The Delhi High Court in the case of Proddatur Cable TV Digi Services v. SITI Cable Network Limited[2] held that the eligibility of a company, acting through its Board of Directors, in unilaterally appointing a sole arbitrator is in tandem with the law laid down in the Perkins case. Hon’ble Justice Jyoti Singh has opined that although the underlying principle in the arbitration is party autonomy, virtues

such as fairness, transparency, and impartiality are of equal significance.

Therefore, the company acting through its Board of Directors would suffer ineligibility under Section 12(5) read with Schedule 7 of the Act. It is pertinent to note that

the Delhi High Court has clarified the issue of applicability of the judgment on ongoing proceedings. The Hon’ble Court reiterated the law laid down in the cases of Bharat Broadband Network Limited. v. United Telecoms Limited [3] and TRF Limited (supra) which maintains that the ineligibility of an arbitrator under Section 12(5) would have retrospective application.

Conclusion

So, in the current legal scenario, the best option when continuing with unilateral arbitral agreements is to get

an express agreement in writing giving consent to the arbitrator

by both parties or waiving the applicability of Section 12(5) subsequent to the dispute having arisen between parties.

The Supreme Court, in the case of Bharat Broadband (supra), maintains that it is necessary to ensure that both parties are aware of the ineligibility of arbitrators and

still choose to continue with the appointment of arbitrators out of one’s own volition. It is also ideal for the parties to attest that

they have full conviction and confidence in the arbitrators’ ability to be impartial and independent. The lack of Unilateral Arbitrator Appointments such express agreement or waiver would require the arbitrator to terminate his/her mandate.

By means of such drastic change in the immunity of unilateral arbitration contracts, the importance of standard form contracts with

such arbitral clauses used by companies is, without doubt, going to deteriorate.

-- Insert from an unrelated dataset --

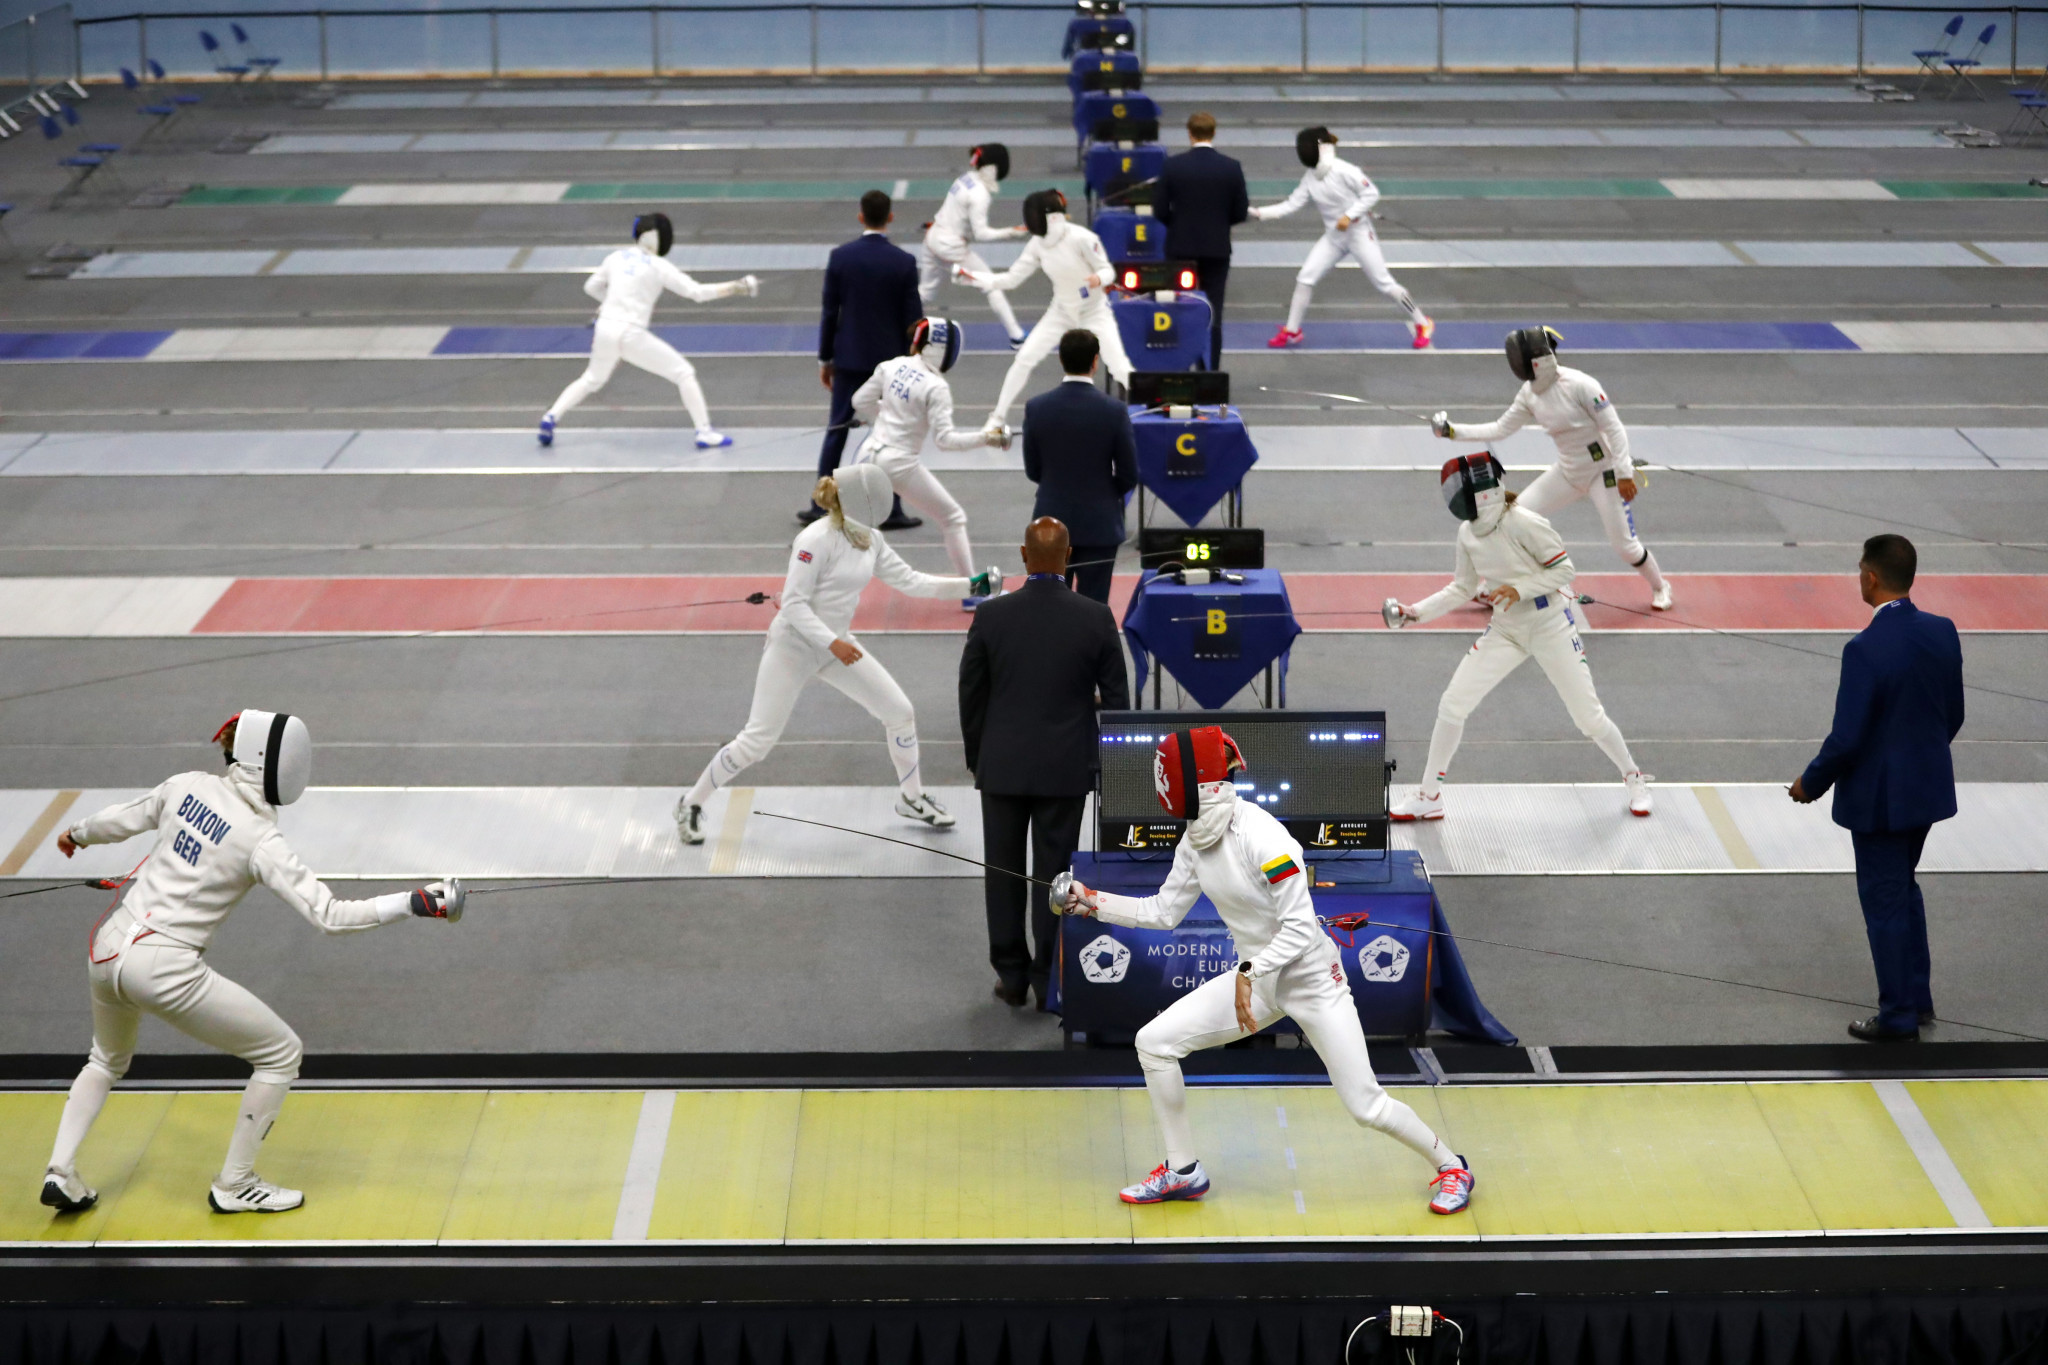 Guidelines have been produced for all of the modern pentathlon disciplines ©Getty Images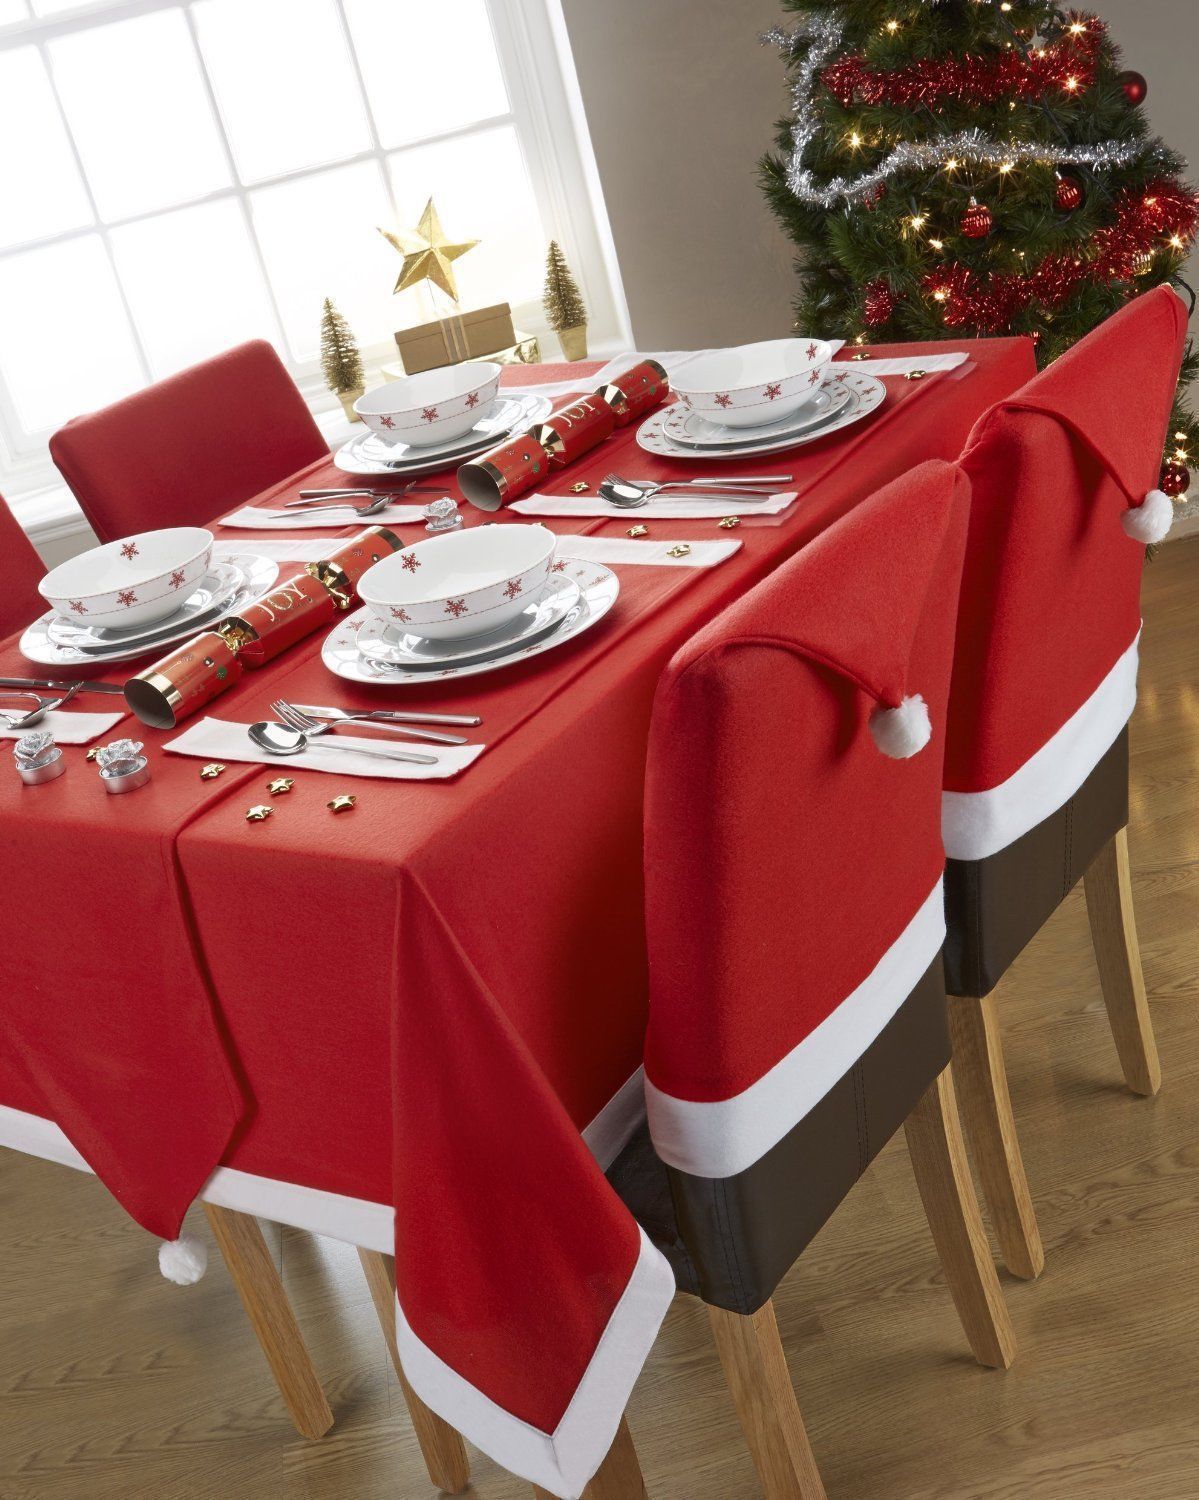 Christmas Chair Covers Tablecloth Runner Decoration Xmas Dinner Party Santa Gift, 10x Chair Covers - SILBERSHELL

If we are to follow the legislative intent of the Act by appointing

Unilateral Arbitrator Appointments as per the principles of natural justice and the judgments of these courts, the way forward for Indian arbitration looks

promising in the domestic as well as the international forum.


Reference

[1] Perkins Eastman Architecture DPC and Anr V. HSCC (India) Ltd , 2019 SCC Online SC 1517

[2] Amendments to the Arbitration and Conciliation Act 1996, Report No. 246, Law Commission of India, August 2014.

[3] Id pg. 28

[4] Trf Ltd Energo Engineering Projects Ltd., (2017) 8 SCC 377.

[5] Supra note 1, page 24, para 16

[6] ARBP/562/2019

[7] Proddatur Cable TV Digi Services v. SITI Cable Network Limited order dated 20-01-2020, in O.M.P (T) 109 / 2019 in IA 17896/2019.